DATASET EXTRACT:
• • • •
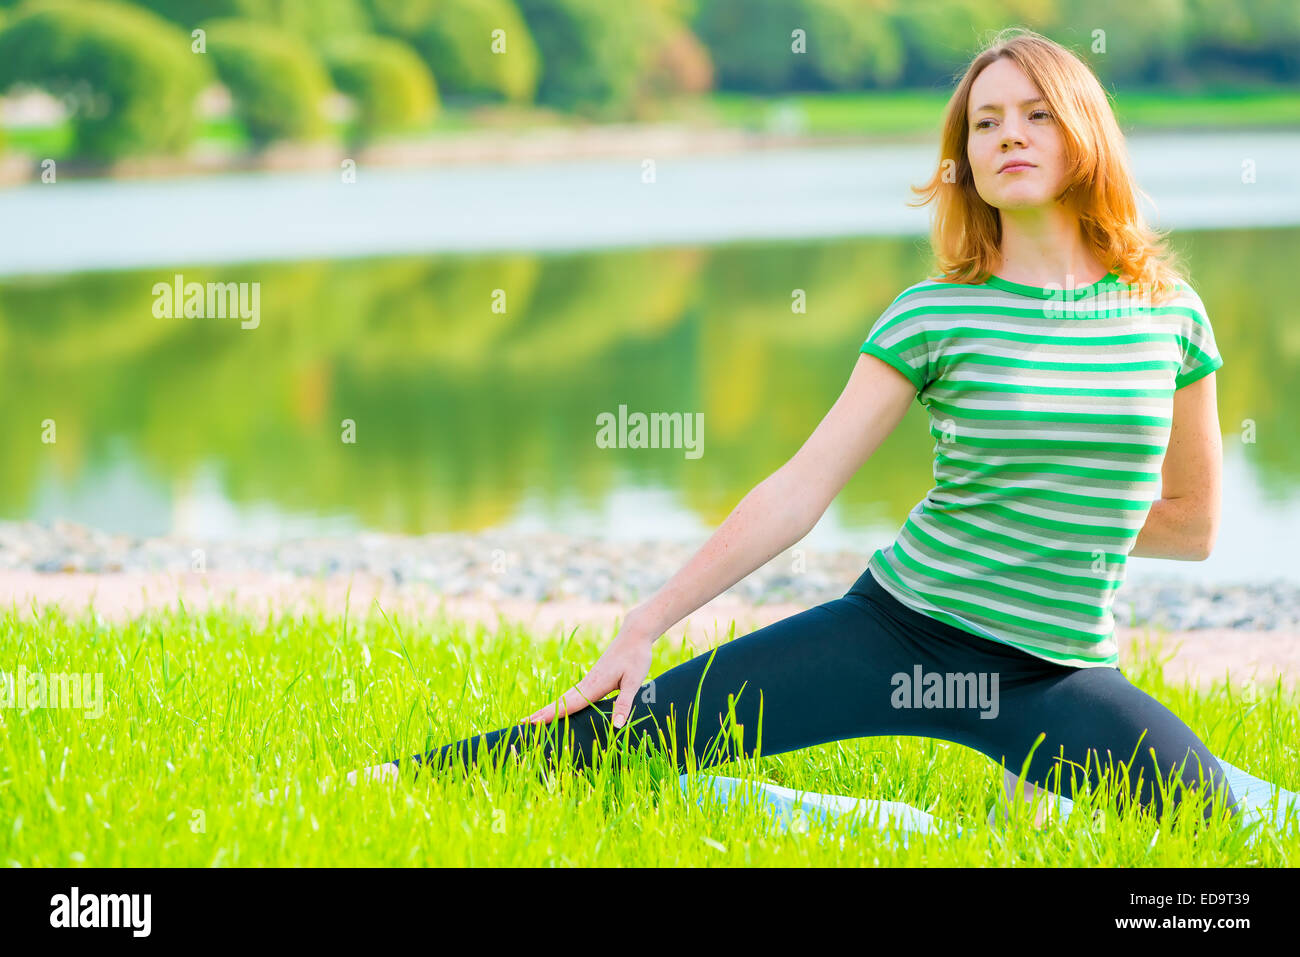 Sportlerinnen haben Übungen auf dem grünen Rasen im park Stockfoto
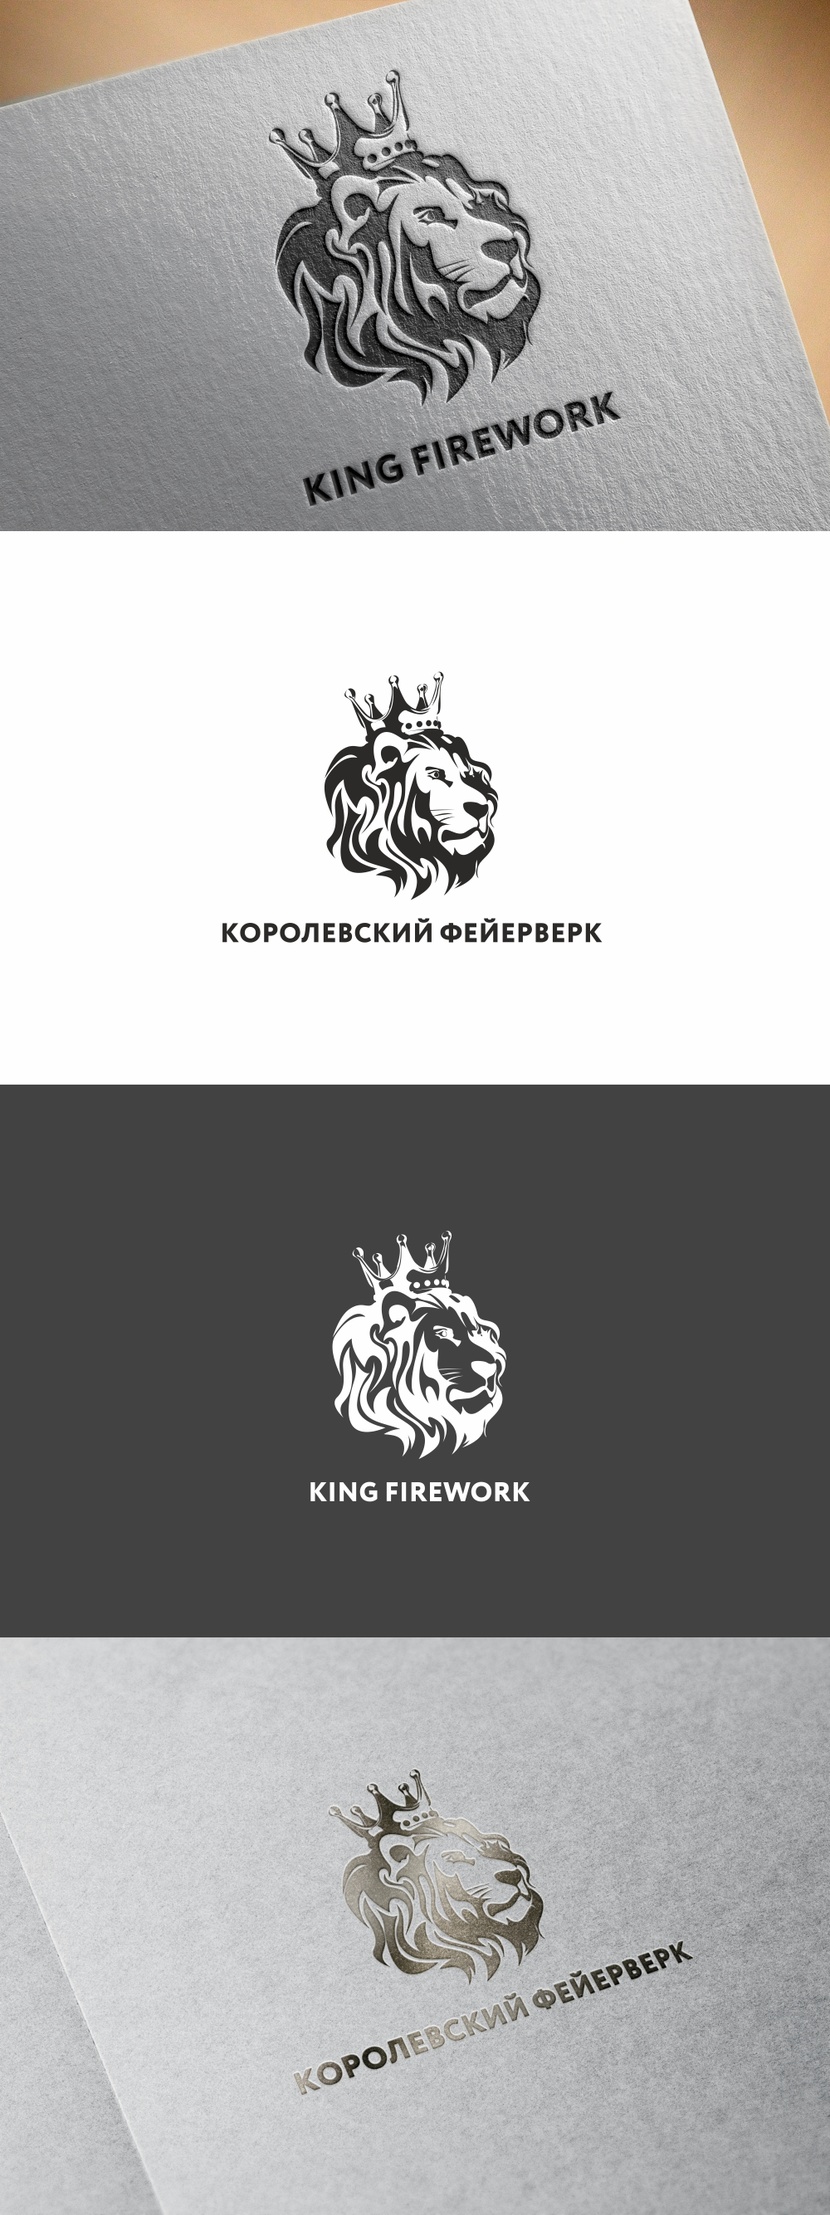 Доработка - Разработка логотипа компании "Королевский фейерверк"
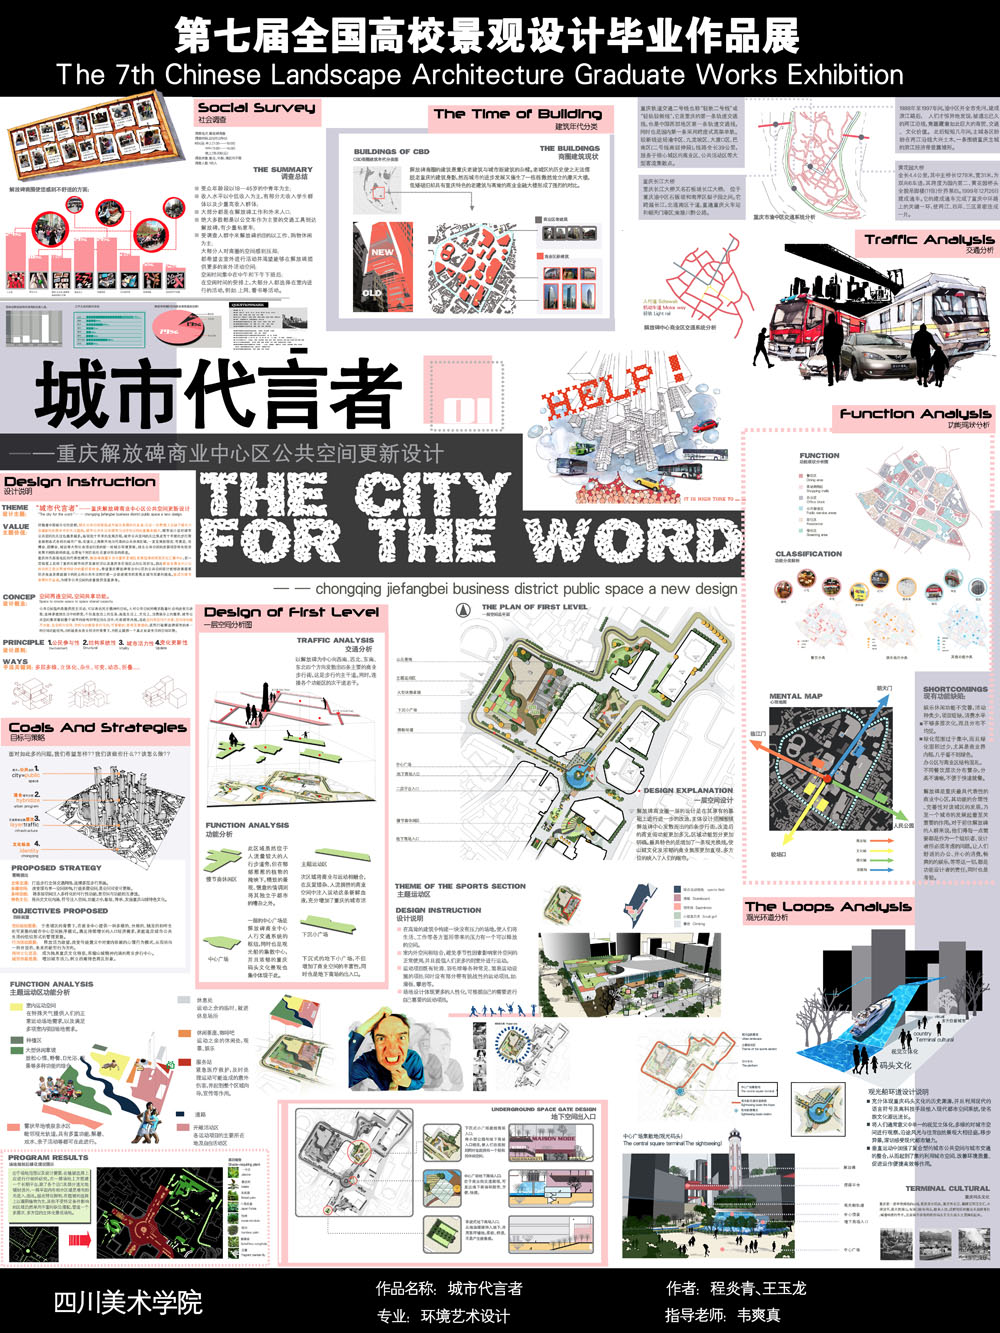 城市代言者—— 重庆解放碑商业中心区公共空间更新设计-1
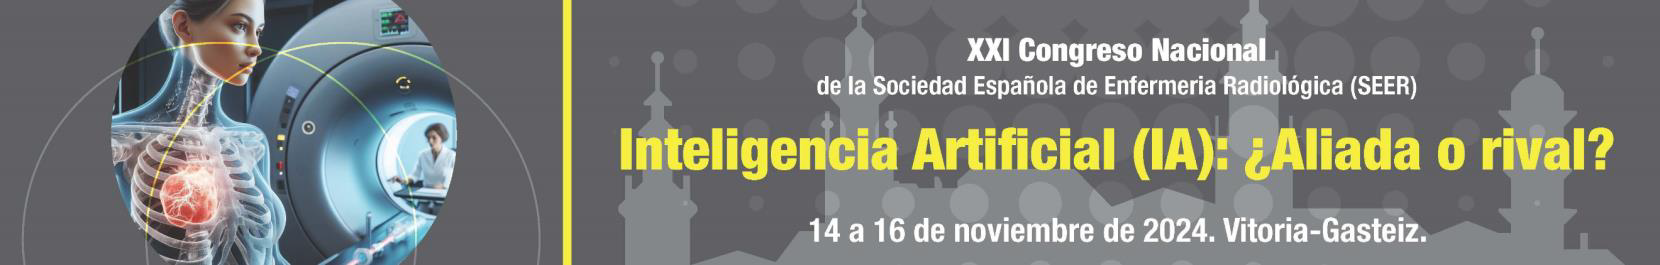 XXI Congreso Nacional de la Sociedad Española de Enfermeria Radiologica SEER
• • • •
DESCRIPTION OF THE TASK:
Copy the preceding data in full and word for word, dropping its pictures.

RESPONSE TO THIS TASK:
 Sportlerinnen haben Übungen auf dem grünen Rasen im park Stockfoto
 Доработка - Разработка логотипа компании "Королевский фейерверк"
 城市代言者—— 重庆解放碑商业中心区公共空间更新设计-1
 XXI Congreso Nacional de la Sociedad Española de Enfermeria Radiologica SEER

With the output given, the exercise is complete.